DISCLOSURE OF THE INVENTION

The invention takes advantage of the selective expression of fluorescent proteins in malignant cells to use the fluorescence generated as a guide for surgery and as a substrate for direct killing of the cells. In laboratory tumor models, fluorescent labeling can also be effected by other means, such as implantation of tumors already bearing label.

Thus, in one aspect, the invention is directed to a method to remove tumors surgically which method comprises employing selectively labeled cancer tissue, which has been modified to express a fluorescent protein, and, using fluorescence as a guide, removing only fluorescent tissue from a subject.

In another aspect, the invention is directed to a method selectively to kill tumor cells in the context of normal tissue which method comprises irradiating tissue containing fluorescently labeled tumor cells with ultraviolet light, especially UVC, wherein said tumor cells have been selectively labeled to express a fluorescent protein.

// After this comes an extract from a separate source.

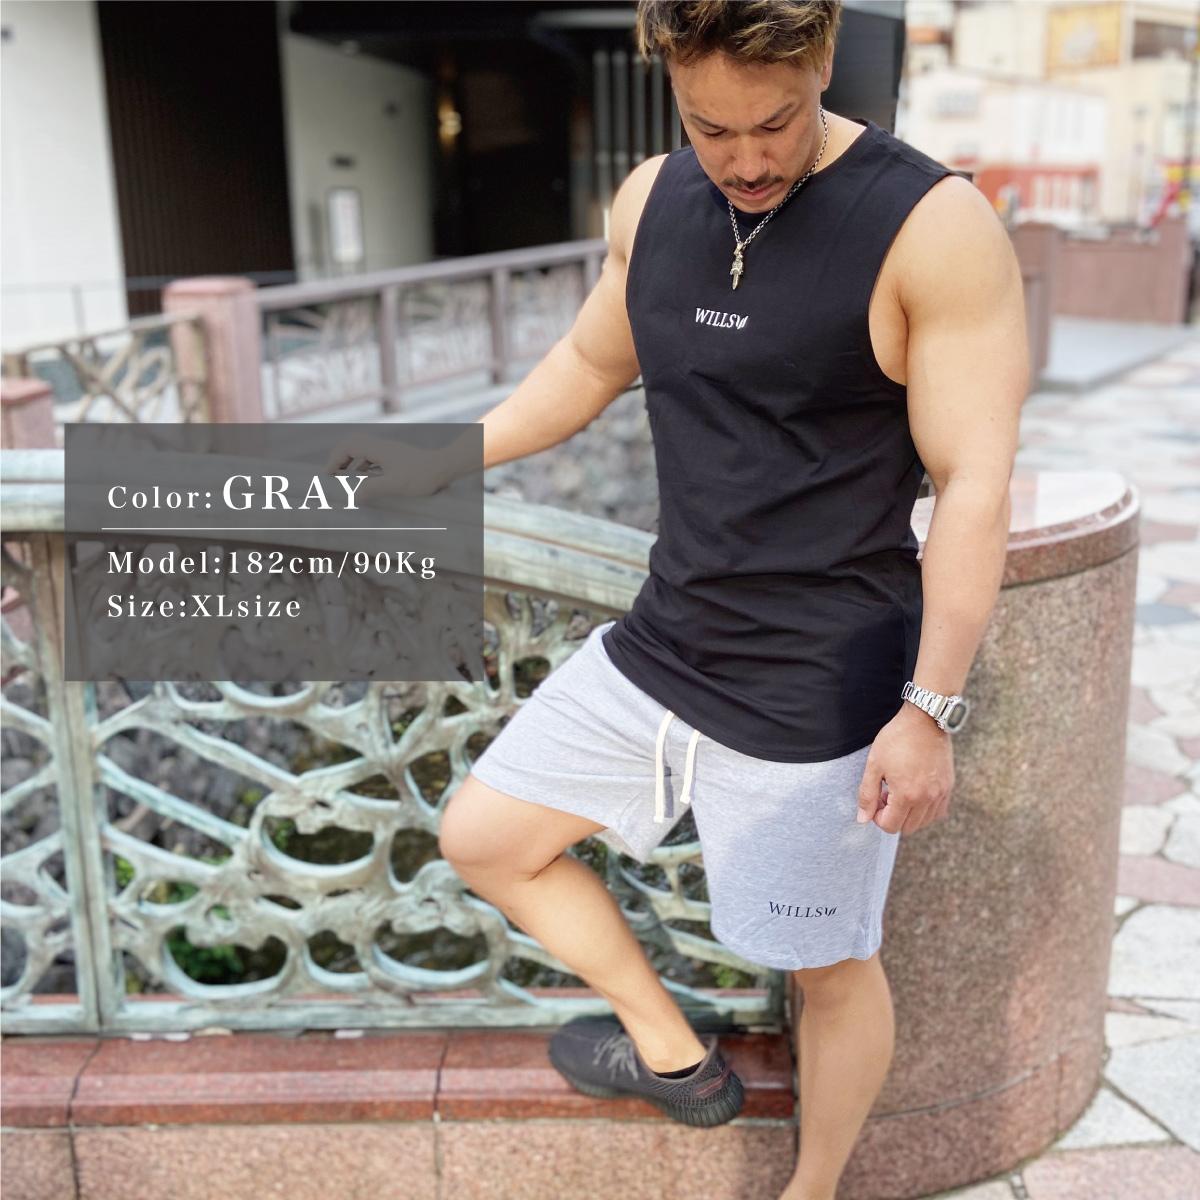 SWEAT SHORTS - GRAY

These techniques, especially when used in combination can result in a specific and complete removal of tumor tissue from a subject. In still another aspect, the invention is directed to a method to effect efficient removal of solid tumors from a subject which method employs fluorescence-guided surgery followed by irradiation with ultraviolet (UV) light, especially UVC.

BRIEF DESCRIPTION OF THE DRAWINGS

FIG. 1 is a graph that shows the effect of UV irradiation on fluorescent dual-labeled tumor cell lines.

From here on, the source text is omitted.